Discrete-time models and performance of phase noise channels

TL;DR

This paper analyzes discrete-time phase noise channel models in communication systems, evaluating power loss, intersymbol interference, and oscillator effects to better predict system performance based on phase noise characteristics.

Contribution

It provides a detailed analysis of the discrete-time phase noise channel model, linking measurements to analytical predictions and deriving an expression for residual phase error variance.

Findings

Power loss and intersymbol interference depend on system bandwidth and phase noise.

Residual phase error variance is derived as a function of oscillator parameters.

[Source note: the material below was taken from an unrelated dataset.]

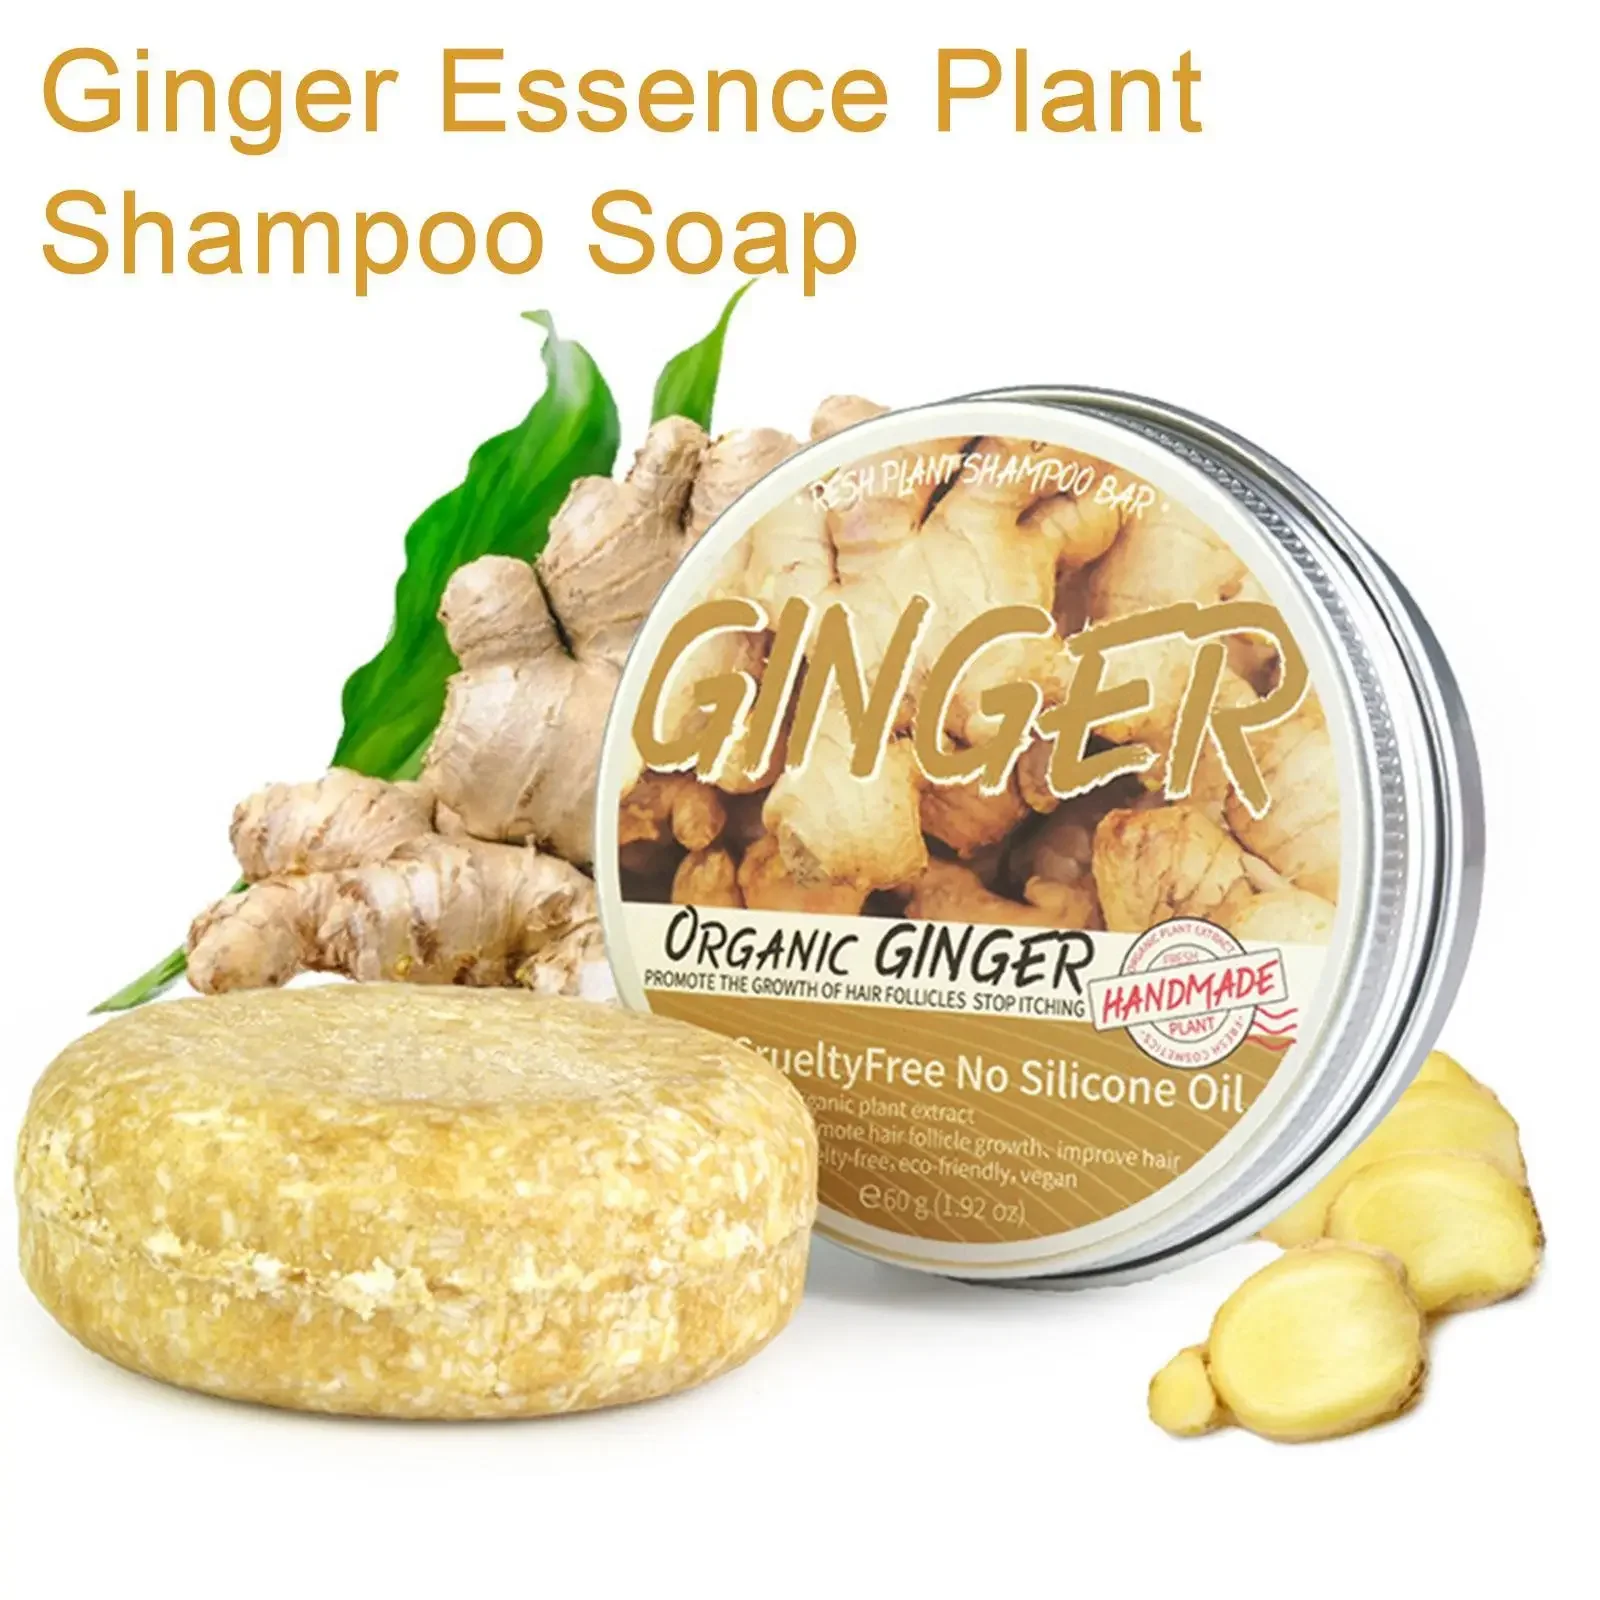 

Мыло Heallor Ginger Polygonum, холоднообработанное мыло, шампунь для волос, чистые растительные шампуни для ухода за волосами

Performance varies with symbol rate and oscillator quality.

Abstract

This paper deals with the phase noise affecting communication systems, where local oscillators are employed to obtain reference signals for carrier and timing synchronizations. The most common discrete-time phase noise channel model is analyzed, with the aim to fill the gap between measurements and analytical models. In particular, the power loss and the intersymbol interference due to the presence of phase noise is evaluated with reference to the measurements parameters and to the system bandwidth. Moreover, the impact on the communication systems' performance of the phase noise originating from the oscillator non idealities is considered, in case of free-running and phase-locked oscillators. The proposed analysis allows to extrapolate useful information about the performance of practical systems by investigating the power spectral density of the oscillator phase noise. An expression for the variance of the residual phase error after tracking, which depends on the main parameters of practical oscillators, is derived, and used to study the dependence of the performance on the symbol rate.